### What is needed
You are asked to filter the data below and copy every line holding "sind".

§

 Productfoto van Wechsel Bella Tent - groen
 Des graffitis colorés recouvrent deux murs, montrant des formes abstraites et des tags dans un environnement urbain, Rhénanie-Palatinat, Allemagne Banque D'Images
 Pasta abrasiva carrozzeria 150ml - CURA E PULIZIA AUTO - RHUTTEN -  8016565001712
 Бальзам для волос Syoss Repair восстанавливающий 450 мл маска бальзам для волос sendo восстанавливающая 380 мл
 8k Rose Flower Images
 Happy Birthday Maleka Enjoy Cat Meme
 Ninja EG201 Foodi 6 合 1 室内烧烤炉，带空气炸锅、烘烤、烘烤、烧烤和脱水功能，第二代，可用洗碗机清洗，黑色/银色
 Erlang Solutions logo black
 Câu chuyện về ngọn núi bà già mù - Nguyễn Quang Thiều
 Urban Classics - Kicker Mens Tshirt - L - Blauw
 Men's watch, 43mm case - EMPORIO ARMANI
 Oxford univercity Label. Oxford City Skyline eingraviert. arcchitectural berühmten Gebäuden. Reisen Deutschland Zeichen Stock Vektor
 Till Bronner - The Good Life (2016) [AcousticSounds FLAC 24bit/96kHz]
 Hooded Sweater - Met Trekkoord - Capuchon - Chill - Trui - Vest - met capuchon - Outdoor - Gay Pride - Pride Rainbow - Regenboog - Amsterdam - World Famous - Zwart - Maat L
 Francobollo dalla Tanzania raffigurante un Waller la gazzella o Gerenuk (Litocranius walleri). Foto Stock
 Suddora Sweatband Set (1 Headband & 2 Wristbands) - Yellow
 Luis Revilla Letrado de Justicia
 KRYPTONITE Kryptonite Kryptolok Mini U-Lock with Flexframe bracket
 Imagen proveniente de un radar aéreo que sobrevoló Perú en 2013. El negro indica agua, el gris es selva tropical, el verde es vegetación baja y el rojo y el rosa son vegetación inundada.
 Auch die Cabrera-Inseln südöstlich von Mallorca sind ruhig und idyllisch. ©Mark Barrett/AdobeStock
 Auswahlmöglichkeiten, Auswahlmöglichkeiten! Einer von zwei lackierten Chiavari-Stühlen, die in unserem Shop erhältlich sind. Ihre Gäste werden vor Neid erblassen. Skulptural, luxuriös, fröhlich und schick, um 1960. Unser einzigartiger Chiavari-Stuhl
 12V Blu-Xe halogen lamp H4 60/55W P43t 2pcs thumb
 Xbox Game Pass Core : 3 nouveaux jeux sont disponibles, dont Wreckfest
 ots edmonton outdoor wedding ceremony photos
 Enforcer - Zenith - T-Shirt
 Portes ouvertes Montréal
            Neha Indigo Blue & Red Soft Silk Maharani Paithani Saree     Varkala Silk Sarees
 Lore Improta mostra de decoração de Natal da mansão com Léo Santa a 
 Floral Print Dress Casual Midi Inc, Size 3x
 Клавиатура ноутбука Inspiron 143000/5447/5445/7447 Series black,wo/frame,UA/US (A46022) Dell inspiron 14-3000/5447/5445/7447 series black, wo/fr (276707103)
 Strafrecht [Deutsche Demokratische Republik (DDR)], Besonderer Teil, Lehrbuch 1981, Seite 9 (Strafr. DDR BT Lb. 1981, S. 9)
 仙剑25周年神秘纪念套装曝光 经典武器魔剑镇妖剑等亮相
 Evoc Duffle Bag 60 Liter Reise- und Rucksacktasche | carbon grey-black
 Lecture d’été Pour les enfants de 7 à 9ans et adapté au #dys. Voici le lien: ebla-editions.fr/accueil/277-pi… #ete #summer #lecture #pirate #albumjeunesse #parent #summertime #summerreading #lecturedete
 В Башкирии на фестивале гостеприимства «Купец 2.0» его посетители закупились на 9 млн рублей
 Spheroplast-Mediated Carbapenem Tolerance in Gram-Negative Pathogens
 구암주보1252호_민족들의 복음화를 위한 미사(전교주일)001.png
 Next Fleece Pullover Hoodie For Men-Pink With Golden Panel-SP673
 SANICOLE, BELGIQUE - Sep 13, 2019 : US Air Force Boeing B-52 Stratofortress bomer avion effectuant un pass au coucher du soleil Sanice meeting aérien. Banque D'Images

§

### Solution to this task
 Auch die Cabrera-Inseln südöstlich von Mallorca sind ruhig und idyllisch. ©Mark Barrett/AdobeStock
 Auswahlmöglichkeiten, Auswahlmöglichkeiten! Einer von zwei lackierten Chiavari-Stühlen, die in unserem Shop erhältlich sind. Ihre Gäste werden vor Neid erblassen. Skulptural, luxuriös, fröhlich und schick, um 1960. Unser einzigartiger Chiavari-Stuhl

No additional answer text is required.